With its blood, boob and bums, there may be one or two fans of Nurse who will have differing thoughts about Nurse. I however, found very little to enjoy from its anemic attempts at titillation. There’s little to no diamonds to be found within this bit of rough. It did however manage to get me to watch the film twice, to see if I missed something. Just in case. I guess that’s something.

Review: Carol

Year: 2015
Director Todd Haynes
Screenplay: Phyllis Nagy
Starring: Cate Blanchett, Rooney Mara, Kyle Chandler 

Synopsis is here:

After watching Carol, I gave myself a day or two to let the film linger.  It’s a film that likes to settle within the recesses of the mind. Its story is deceptively simple at the surface, yet the emotional connections run deep throughout. Much has already been said about the film main relationship between the elegant Carol (Cate Blanchett at her most graceful) and Therese (Rooney Mara captures doe eyed innocence in a bottle). However, director Todd Haynes’ command of the plot and its characters is so robust that I had felt involved with even the secondary characters. There’s a texture in the film that runs deeper than the luxurious fashions on display. 

While conversing with a friend, she mentioned that her mother found such a connection to be lacking. I wonder if this is due to Carol’s sexual orientation. I don’t say this as a negative. Far from it. The beauty of Carol with its subtle glances and sly smiles is just how often it pushes its heterosexual characters to the side. This must be by design. To show that while many within the film may not understand the connections taking place, they are still not things to be judged. Carol isn’t a queer text about gay rights or equality per say, but it does seem to suggest that roses growing out of the concrete needn’t be plucked. A less pretentious (and clearer) interpretation would be to say that this is a struggle for these two individuals rather than a universal one.  

Haynes' depiction of this blossoming relationship and their yearning is dutiful and precise. Once the roots are planted, the branches get tangled with everyone. The ever dependable Kyle Chandler’s heart bleeds as Harge; the heterosexual husband who struggles to grasp this new reality through anger and his own needs. A brief moments from old flame Abby (a wonderfully understated Sarah Paulson) hints not only at understanding, but heartache. Smaller supporting roles also excel. Never sounding like soundboards of a previous era, or knowing totems of this one. Haynes has entertained with this era before for his beautiful melodrama pastiche Far from Heaven (2002), but this seems far from the more broadly drawn and colourful characters from his previous venture. For me, Carol often reminded me of the isolated characters who feature in the painting by Edward Hopper. It’s doubtful that Hopper is an influence, yet Haynes’ direction and blocking of characters along with cinematographer Edward Lachman’s framing, makes nearly every person we meet feel like Hopper’s figures. Almost consumed by the industrial world around them.

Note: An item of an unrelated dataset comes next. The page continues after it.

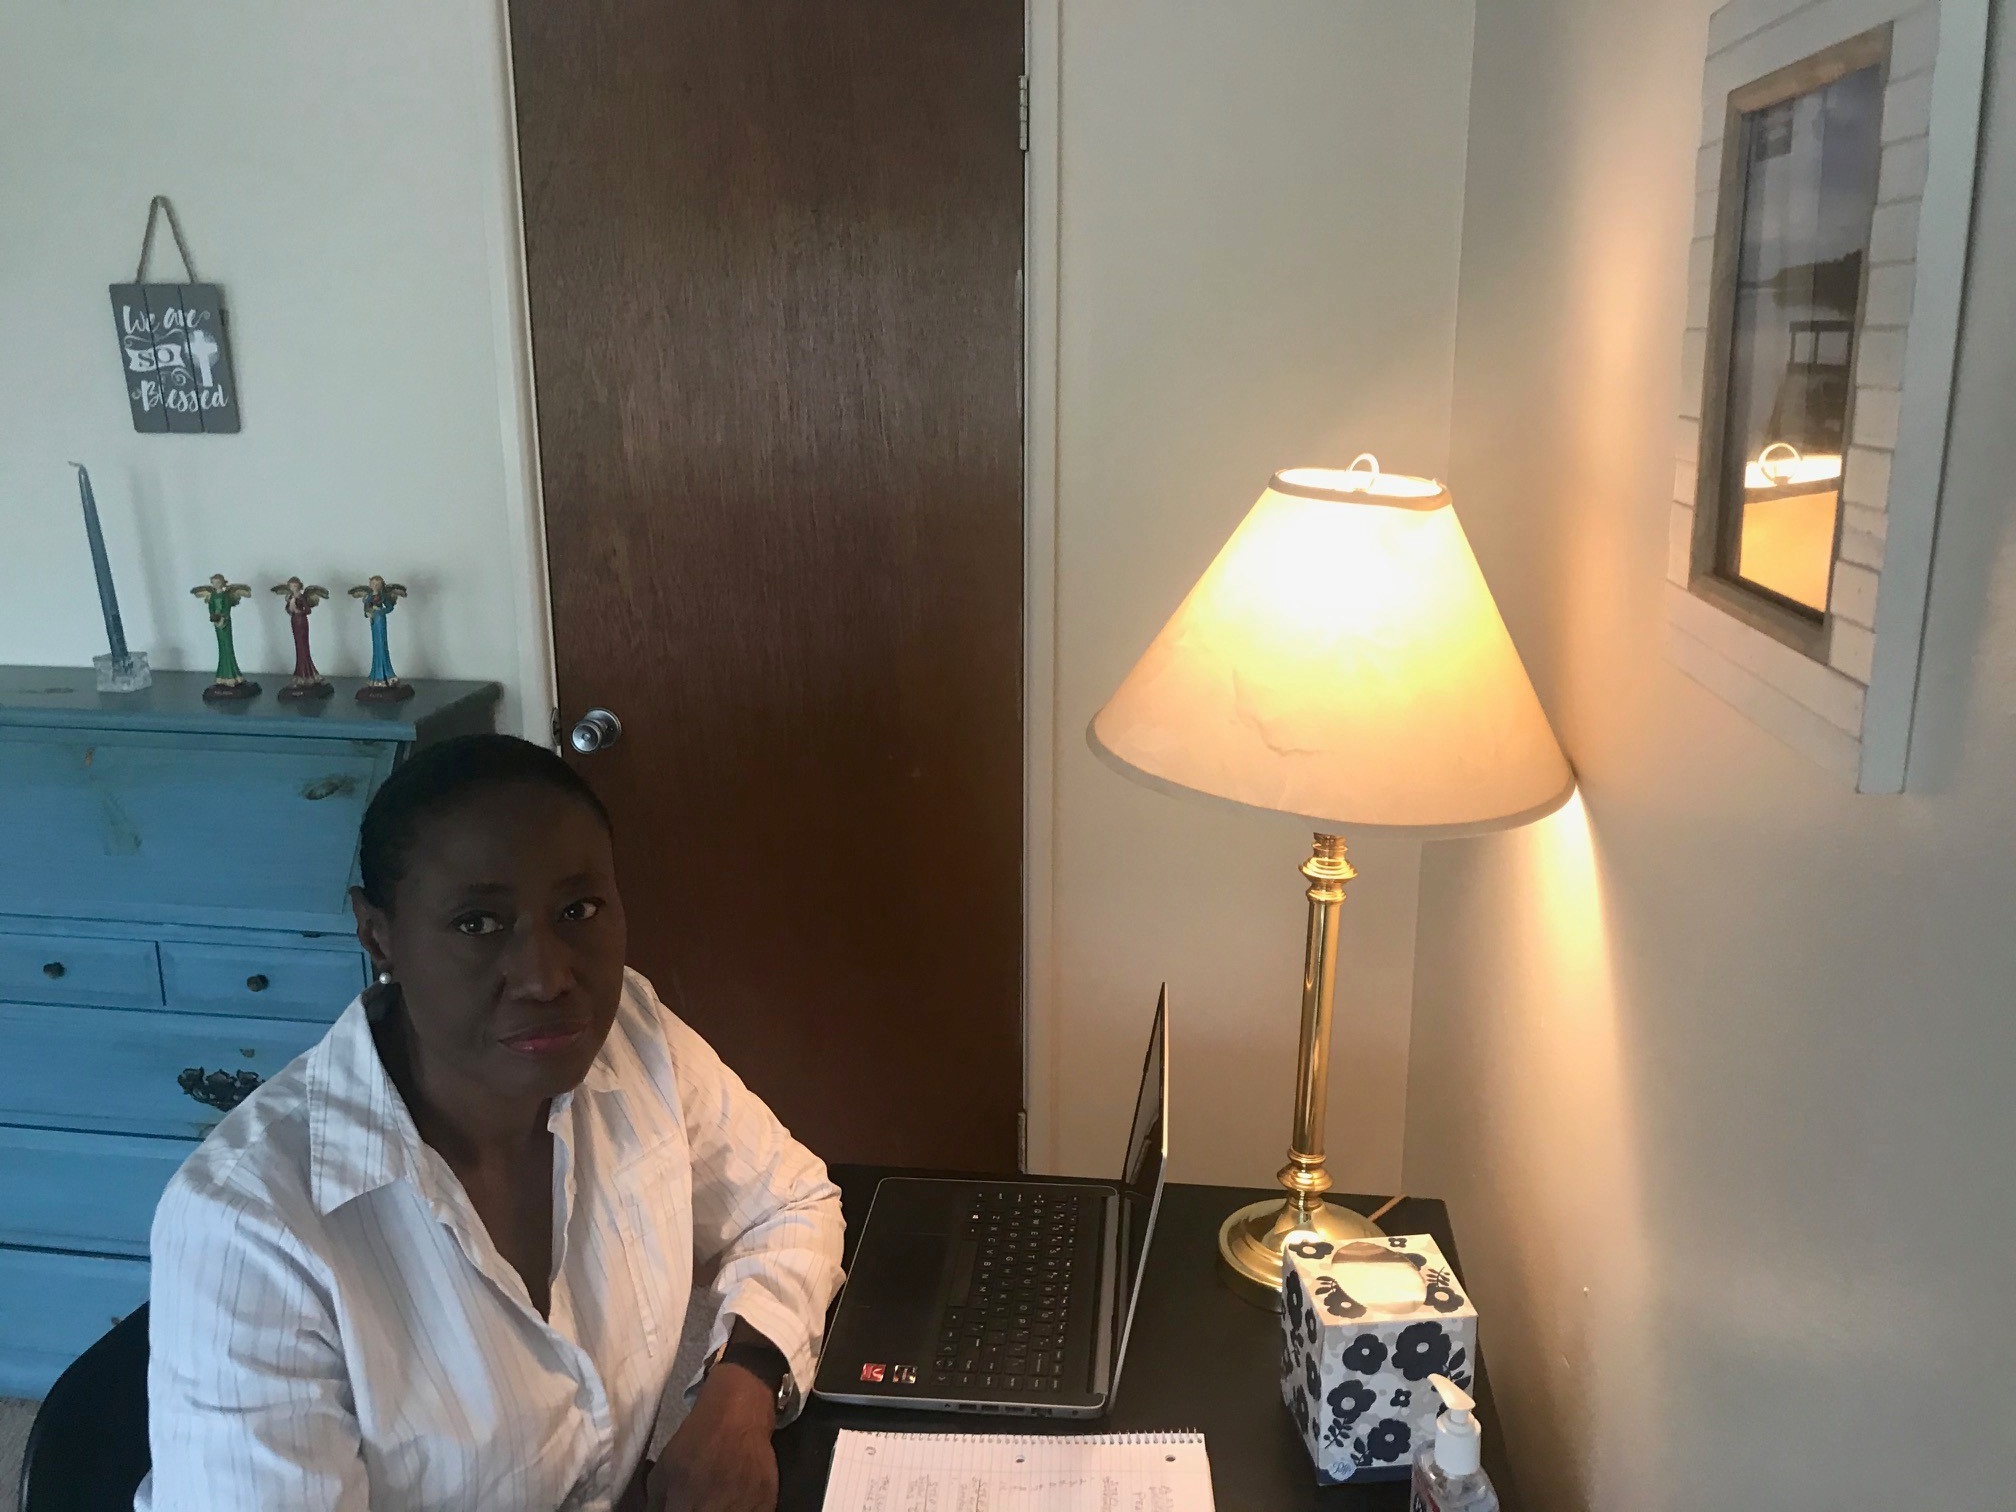 Training at Home for the Job You Want, Meet SCSEP Participant Denise
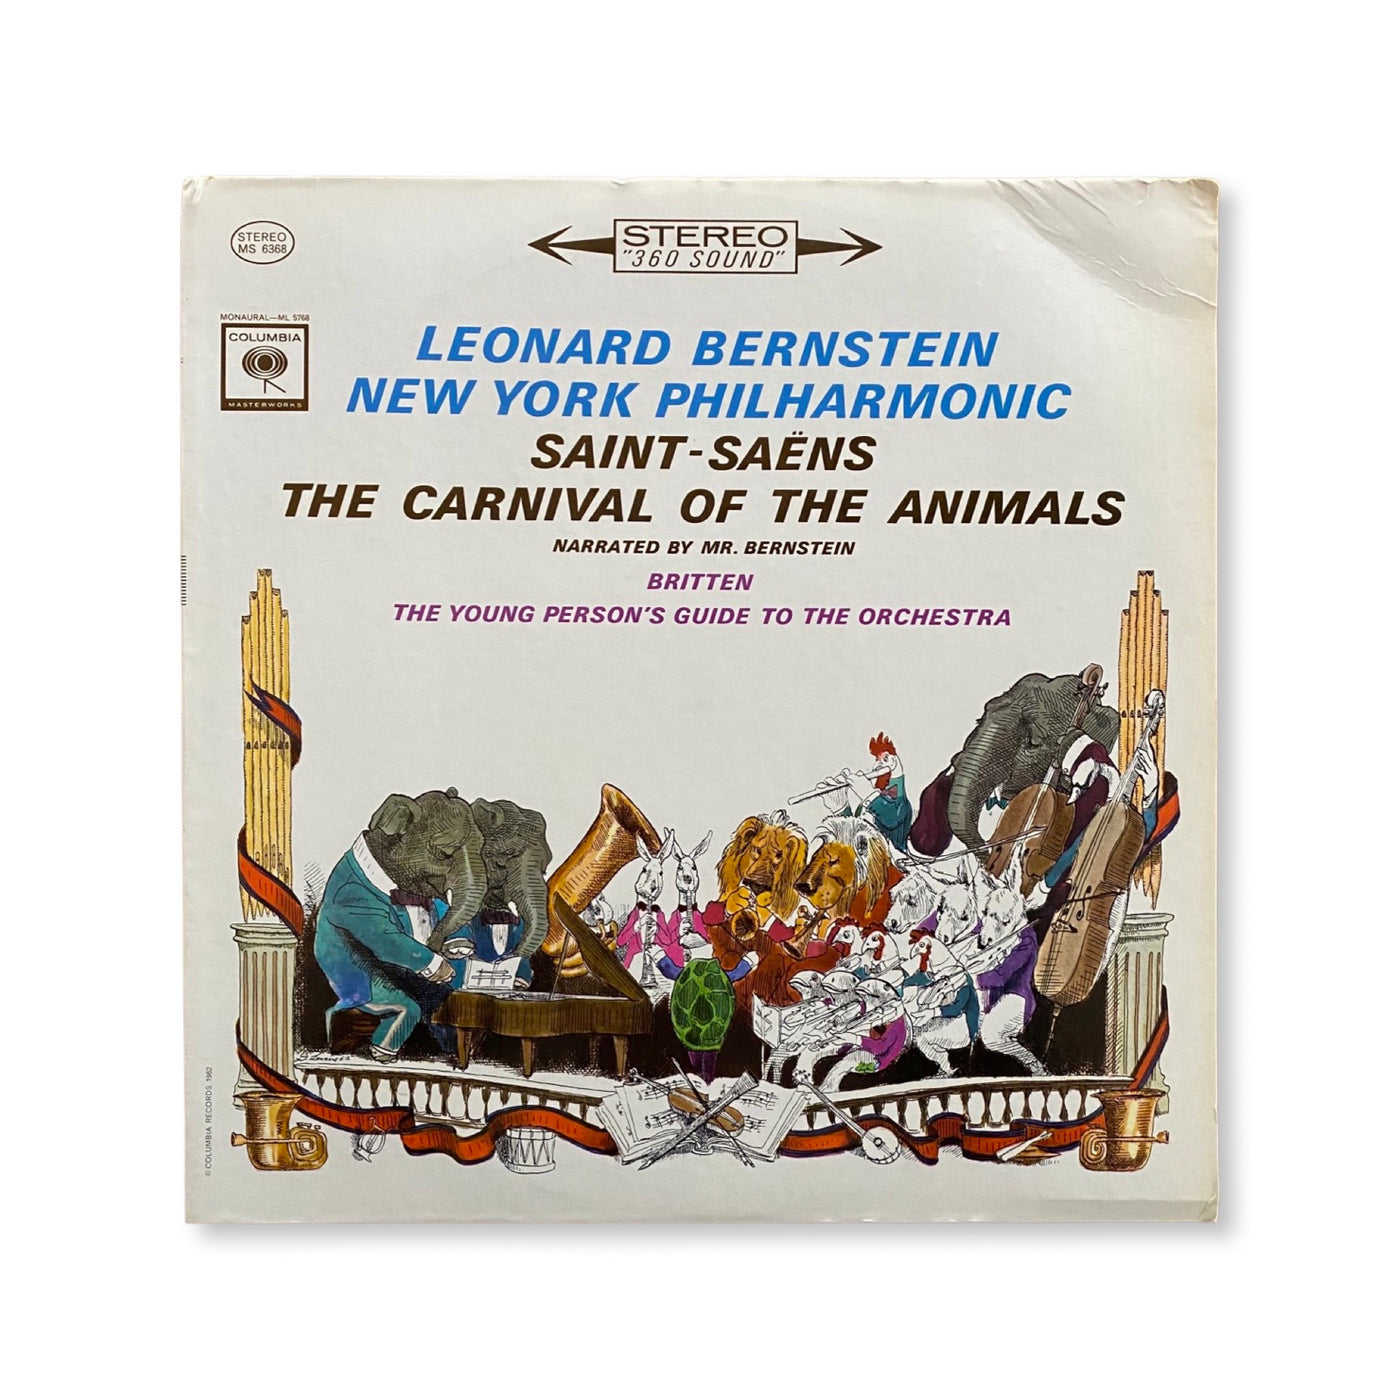 Leonard Bernstein, The New York Philharmonic Orchestra / Camille Saint-Saëns / Benjamin Britten - The Carnival Of The Animals / The Young Person's Guide To The Orchestra

It’s no surprise that when the films action shifts from city to country, the characters seem to feel less suffocated by their surroundings and in turn, their societal trappings. Carol’s beauty lies in its small subtleties. Trying on new fragrances. A quiet drive with someone you admire. The small token gesture of a gift, or an admiration of talent. These moments can seem so typical of a romantic drama. However, the softness and slightly alien aspect of an all-female romance within such a bygone era and the shifts of tensions within the relationship dynamics makes Carol stand apart from more universal films of a similar nature. Looking back at the film’s final outcome, the final moments are both heartening and fretful. There’s elements of rejection we ignore due to what we observe on the screen. Even at that moment the film’s closure lays a shade of ambiguity that a more universal romance could perhaps ignore for surface pleasures. I found that the excellence of Carol lies in its ability to sow such seeds. It’s only after leaving the screen did the film’s deeper resonances strike me. For that I am thankful.